User:Firespeaker/GSoC2014/Application draft
< User:Firespeaker | GSoC2014
Jump to navigation
Jump to search
Revision as of 19:29, 12 March 2014 by Firespeaker (talk | contribs)
- Name:
- Jonathan North Washington
- E-mail address / gtalk:
- (fill in)
- Other information that may be useful to contact you:
- cell phone: (fill in)
- Why is it you are interested in machine translation? / Why is it that they are interested in the Apertium project?
- I got interested in MT between Turkic languages in 2011 when I mentored Mirlan's tur-kir project. I found that with my familiarity with linguistics, my knowledge of the languages, and my bravery with new formalisms, I was able to learn quickly and do useful work. I've been active in Apertium ever since. I'm a Turkic linguist specialising in phonology, phonetics, and socio-historical linguistics, but because of my work with Apertium, I have started to consider myself a computational linguist as well.
- Which of the published tasks are you interested in? What do you plan to do?
- I plan to "Adopt an unreleased language pair", or in this case three: tur-kir, kaz-kir, tur-uzb. These three pairs were developed originally as GSoC projects, but none of them made it to release quality (they are all currently in the nursery). My goal is to bring tur-kir and kaz-kir to release quality (trunk), and bring tur-uzb to at least "working" quality (staging).
- Include a proposal, including
- a title,
- Bringing tur-kir, kaz-kir, and tur-uzb out of Nursery
- reasons why Google and Apertium should sponsor it,
- These are three pairs that could be brought to (or very near to) production quality without too much work.
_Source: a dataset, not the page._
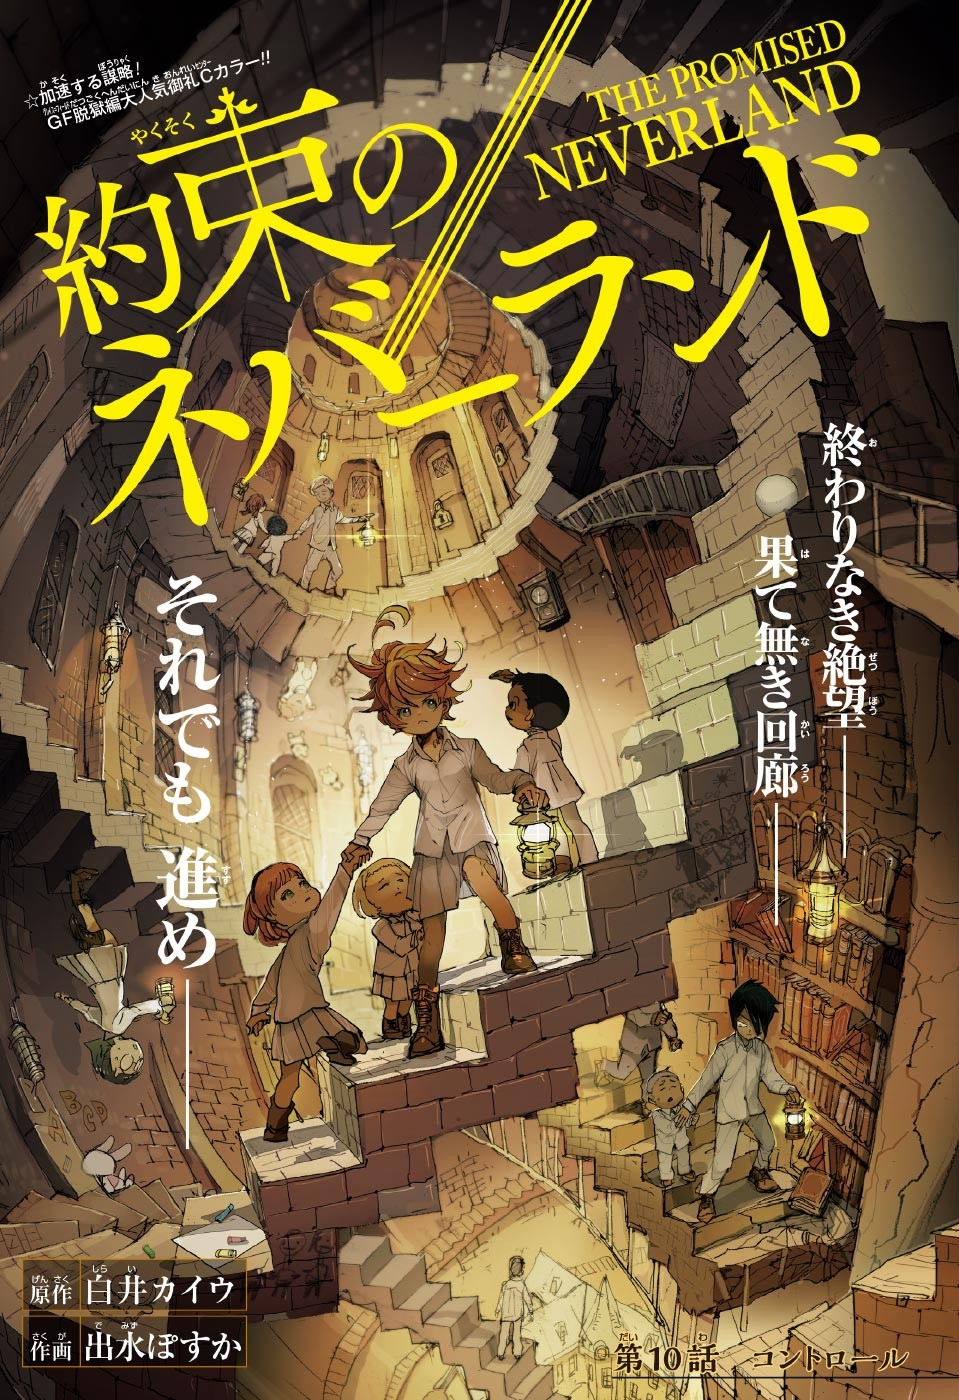 Episódio 10 de The Promised Neverland 2ª temporada: data de lançamento -  Manga Livre RS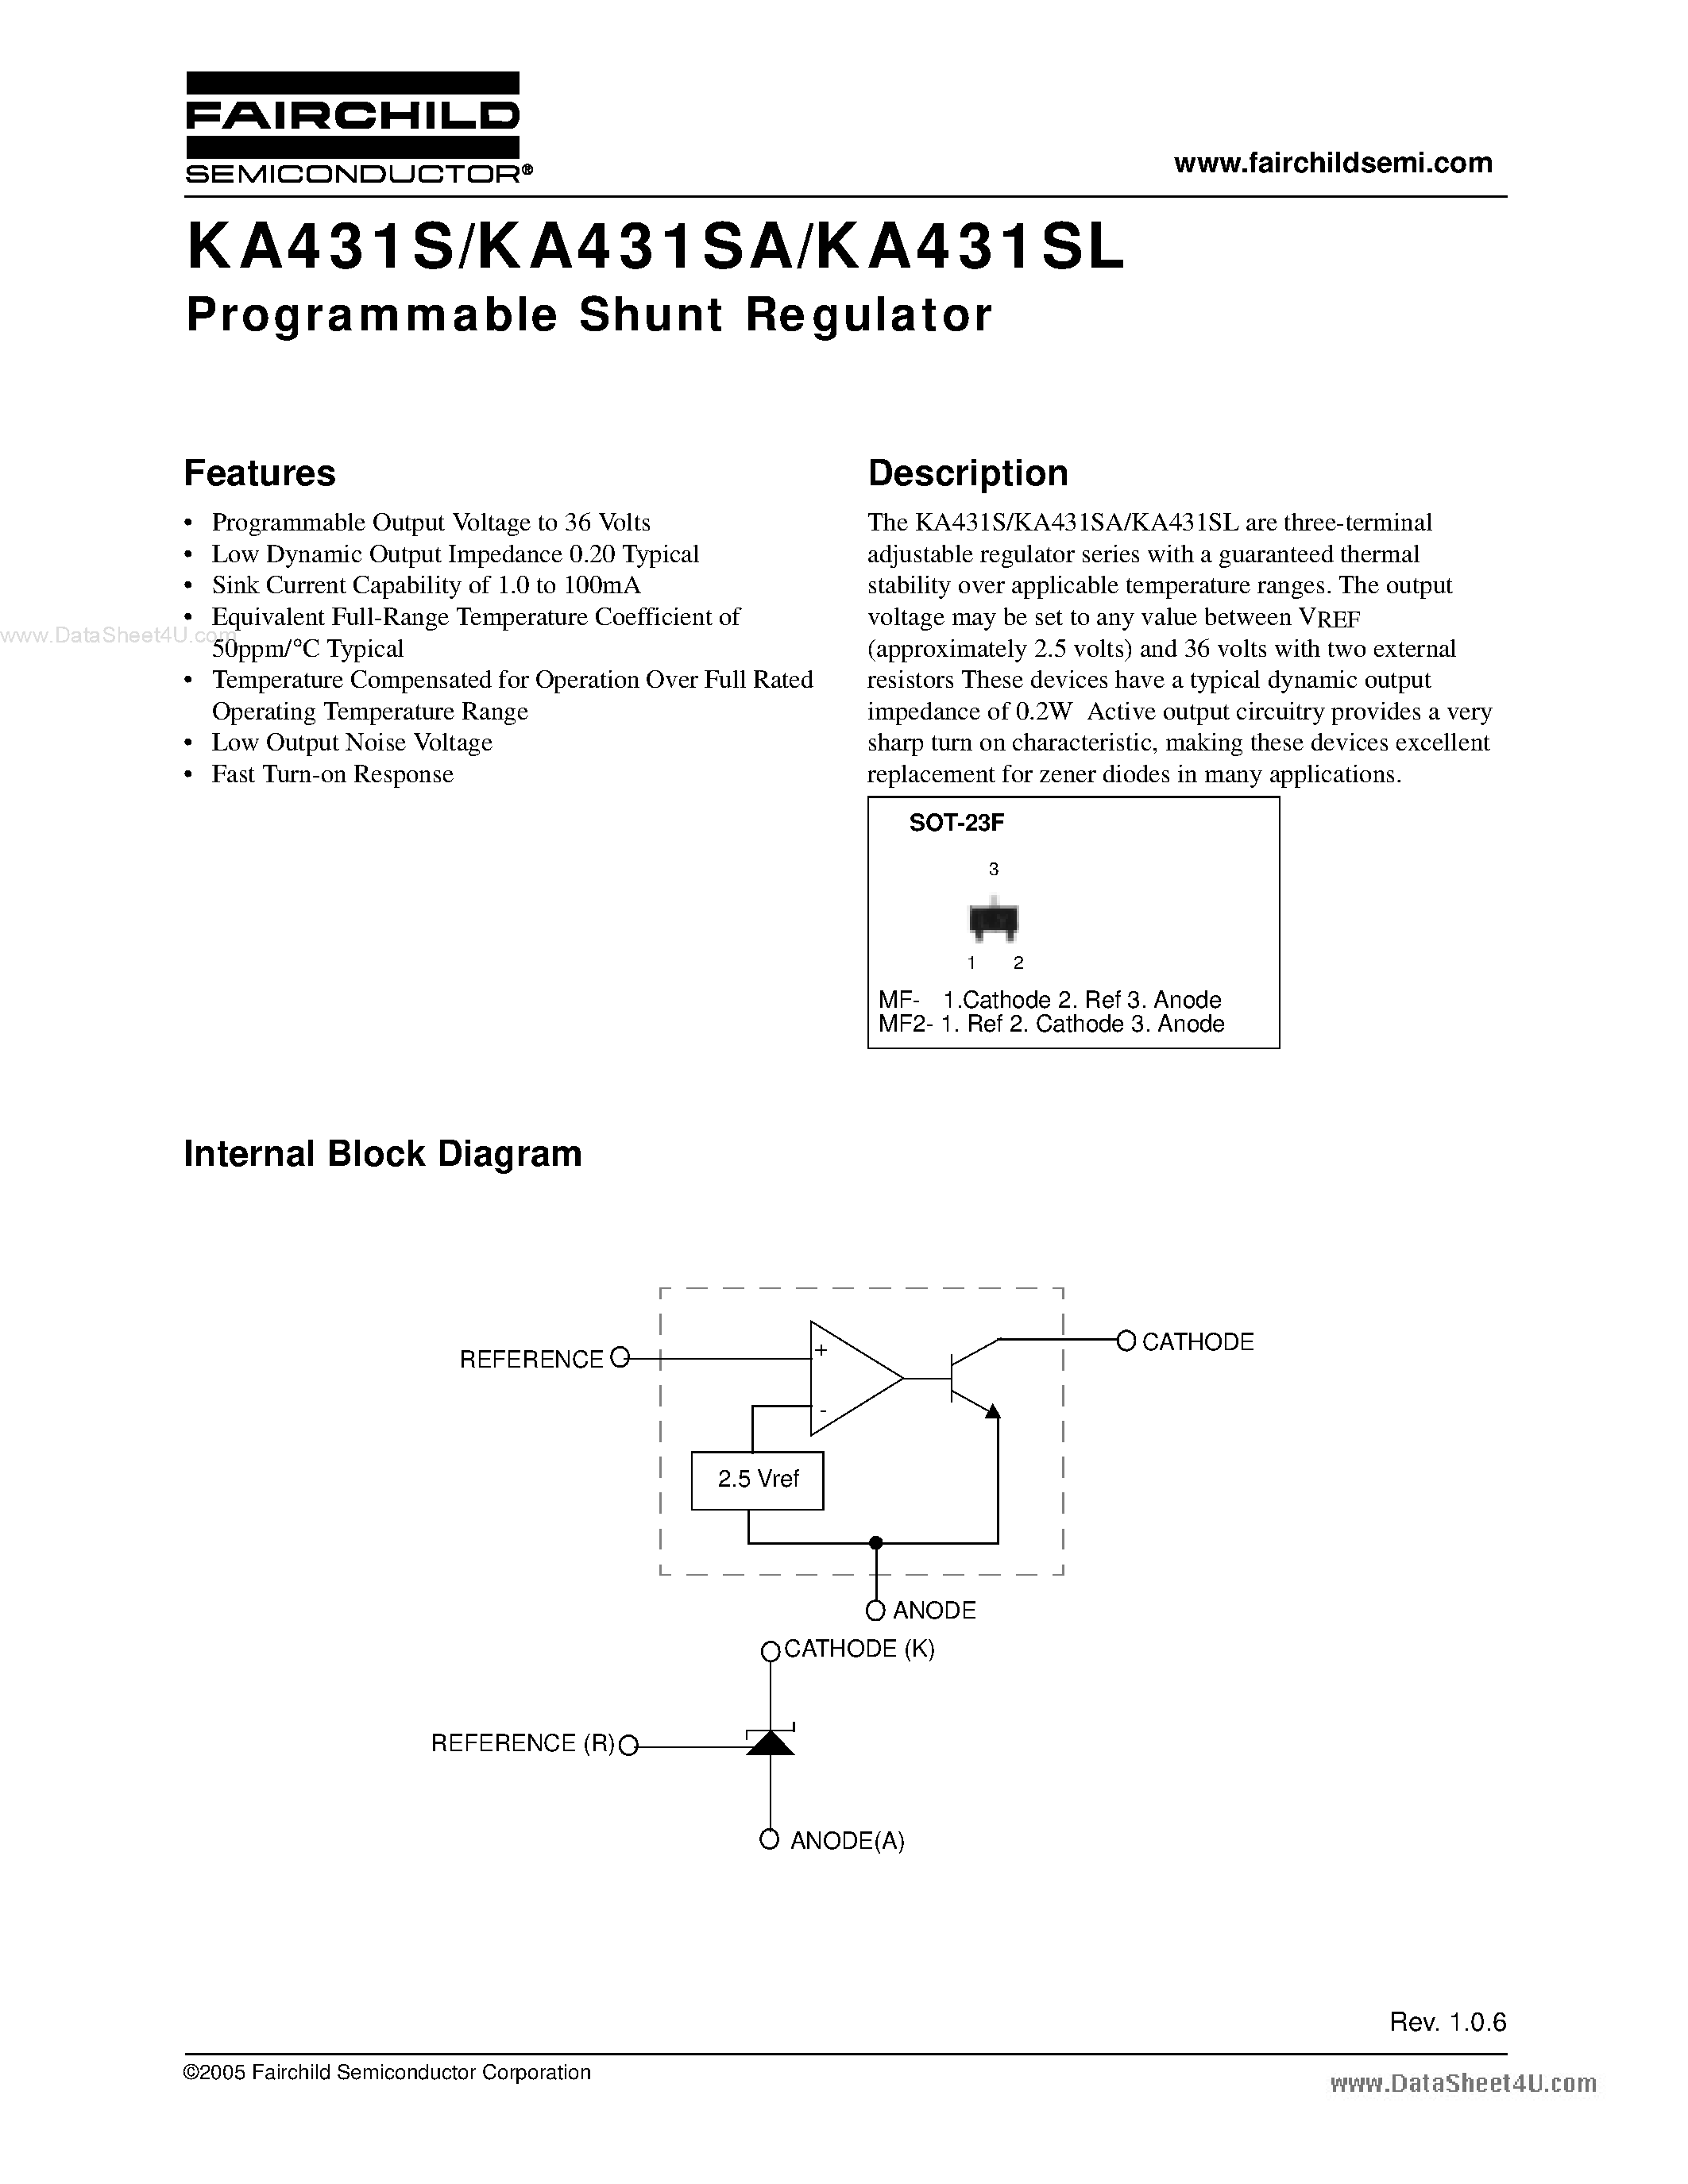 Datasheet KA431SAMF - Programmable Shunt Regulator page 1

There are probably not many other people who know these languages all well enough and are familiar enough with the pairs to accomplish this in one summer. If successful, this project would add three more production-quality pairs to Apertium's inventory, quadrupling the number of Turkic pairs in production.
- a description of how and who it will benefit in society,
- Over 80 million people speak the four languages involved as a first language, and they all stand to benefit from this project.
- and a detailed work plan (including, if possible, a brief schedule with milestones and deliverables).
- Include time needed to think, to program, to document and to disseminate.
- a title,
- List your skills and give evidence of your qualifications. Tell us what is your current field of study, major, etc. Convince us that you can do the work. In particular we would like to know whether you have programmed before in open-source projects.
- I have been involved with Apertium since 2011, and have extensive experience writing and improving morphological transducers. I also have a reasonable amount of experience with bidix, CG, and lrx, and can manage transfer. I will need to develop my skills in running testvoc, as that will be another large focus of the work. As far as the languages go, I'm proficient in Kyrgyz and Kazakh, and can get by in and read Uzbek and Turkish (often with the help of a dictionary). I also work on the linguistics of all of these languages (especially Kazakh and Kyrgyz), and have a "deep" understanding of the way all of these languages work. I have at my disposal dictionaries and grammars for all the languages. I also know potential consultants for most of them available as well, which will be important for getting post-edited texts to get WER numbers on.
- List any non-Summer-of-Code plans you have for the Summer, especially employment, if you are applying for internships, and class-taking. Be specific about schedules and time commitments. we would like to be sure you have at least 30 free hours a week to develop for our project.
- I will essentially be free for the entire period of GCI. My semester (and current work) end on May 2, and I will resume such activities on August 25. I will probably be doing minimal hourly tutoring-type work for a few weeks in May, and may lose a day here and there in June and July for attending a conference, domestic road travel, etc. I also plan to be working on my dissertation project over the summer, but I do not expect it to interfere with GSoC as I will not have any "crunch times" related to it during that period. During previous breaks from study/work, even with other looming deadlines, I have easily spent 30 hours a week on Apertium-related work.